Post: I was surprised that you were the catcher on your baseball team.
Nail: That was a position that I always enjoyed. I think everybody grows up wanting to be a pitcher but I never had much control as far as the mound, so my father always told me if you don’t feel you can be successful as a pitcher, you should be a catcher because you’re just as involved.
Post: I know that for a while you coached kids’ baseball and that that helped you recharge.
Nail: It did. It was one of those things I did during my struggling years to take my mind off things and it definitely worked. Those kids changed my life.
Post: Then you got to through a ball out at the Cardinals game and you got to be a correspondent.
Nail: I did! 2009 was crazy. I got to do a lot of things that I never imagined. It was a wild year, one that I was sad to see leave, but at the same time, I’m excited about 2010.
Post: Did you ask Miranda Lambert to sing on Strangers on a Train, or did your record label set that up?
Nail: I was on her bus one night and I had had a few Dr Peppers, and got the courage to ask her to sing on it, and I joke that she’d had a few too many Dr. Peppers and said yes.

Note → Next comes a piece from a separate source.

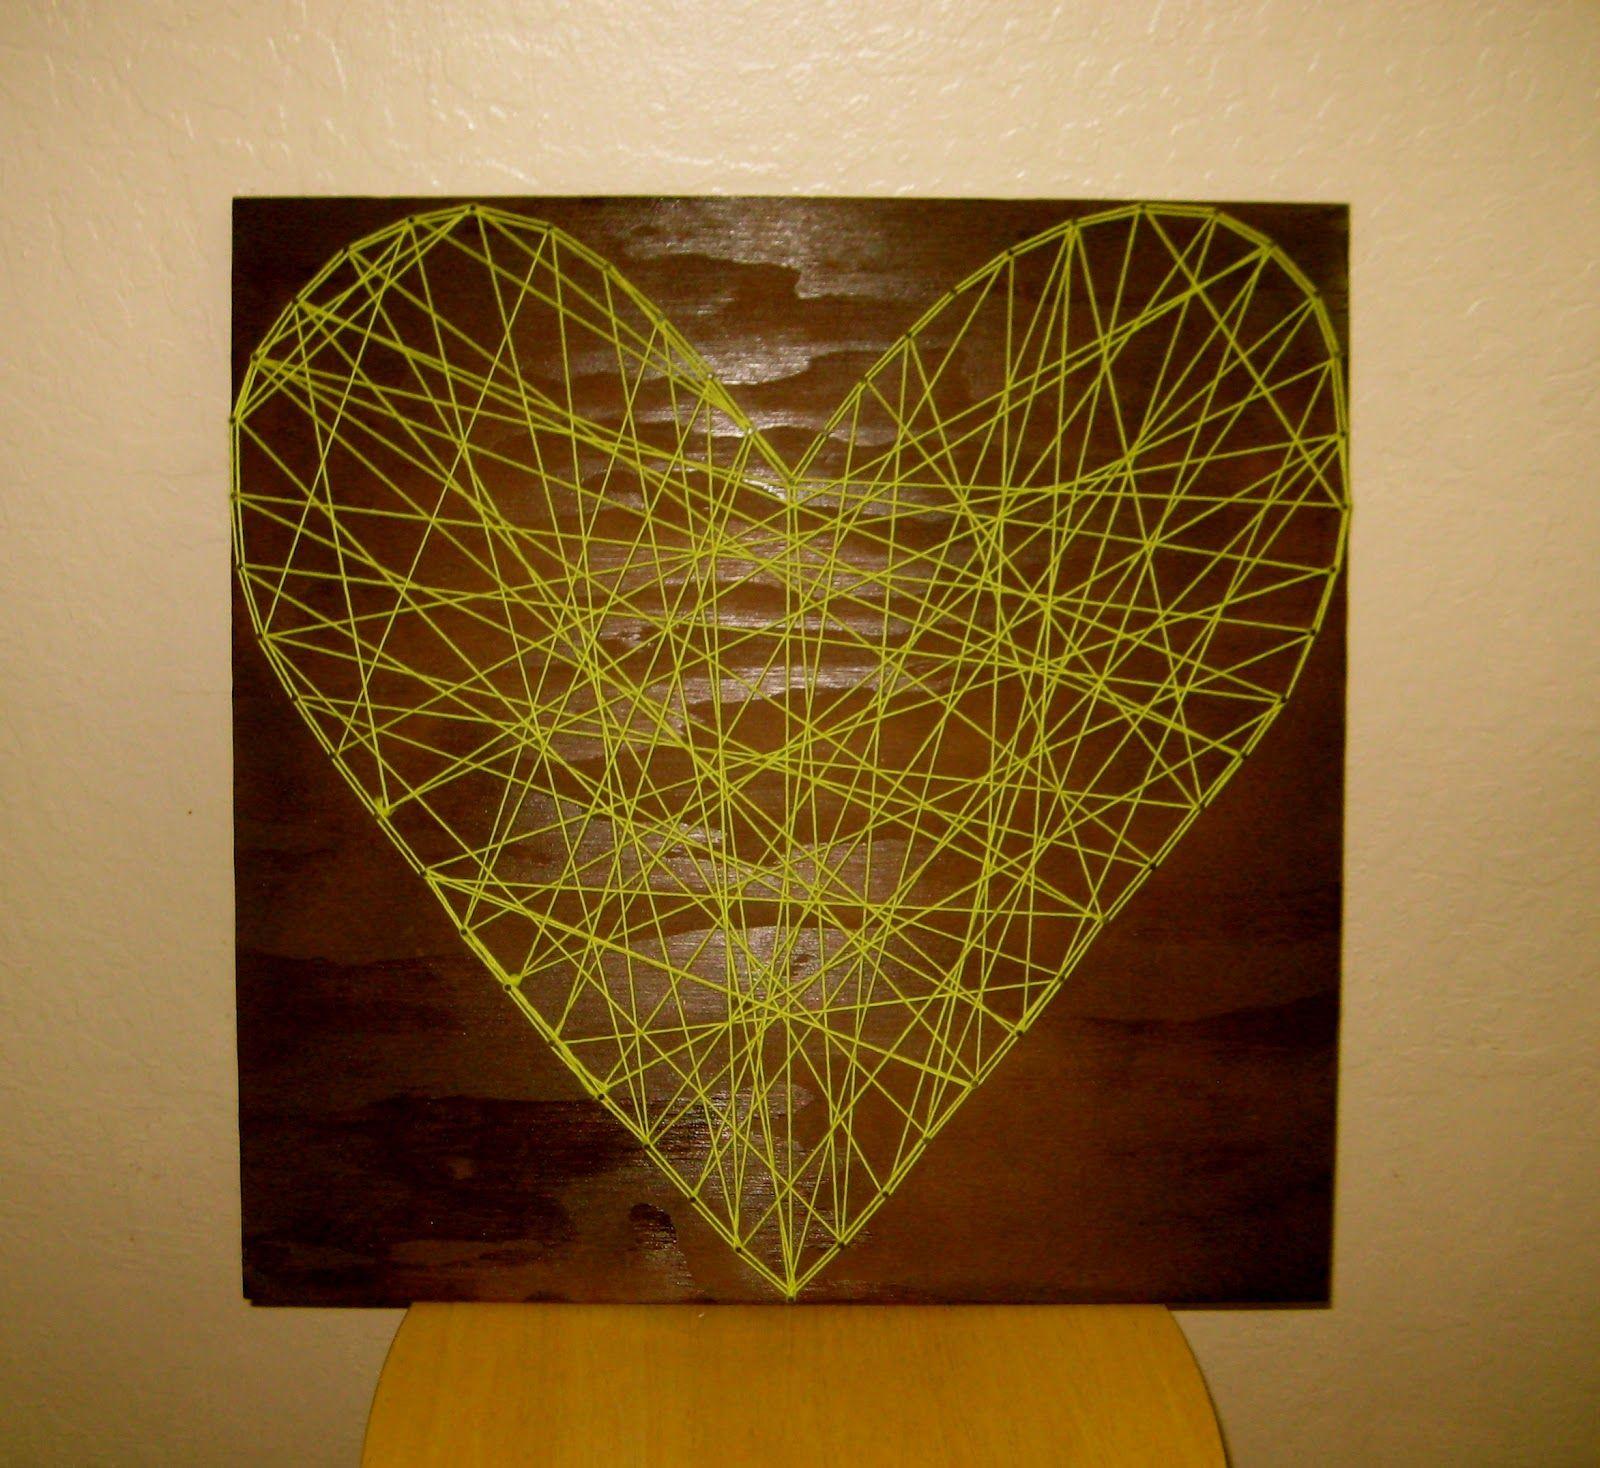 prettyLOVE, prettyLIFE: prettyLITTLE string-art | String art ...

Post: How did you handle the disappointment of having your first single fail, and being dropped by your record label?
Nail: I was so young, I didn’t really know. I’d gotten a record deal so quickly after moving to Nashville that I wasn’t quite prepared for what life was like without one, so it took awhile to adjust to that. Everything happens for a reason, I’m much more pleased that this record was the one that introduced me to the listeners.
Post: What motivates you as far as song-writing?
Nail: I’m just one of those guys that subconsciously when I’m sitting on the couch or driving the car, I’m sort of thinking about stuff, and next thing I know, I find myself writing things down and it just goes from there.
Post: So how has being married changed your career?
Nail: It’s great to have someone to share that with, as opposed to being by yourself, and plus she’s very green to the business and all of the smallest things are huge things to her.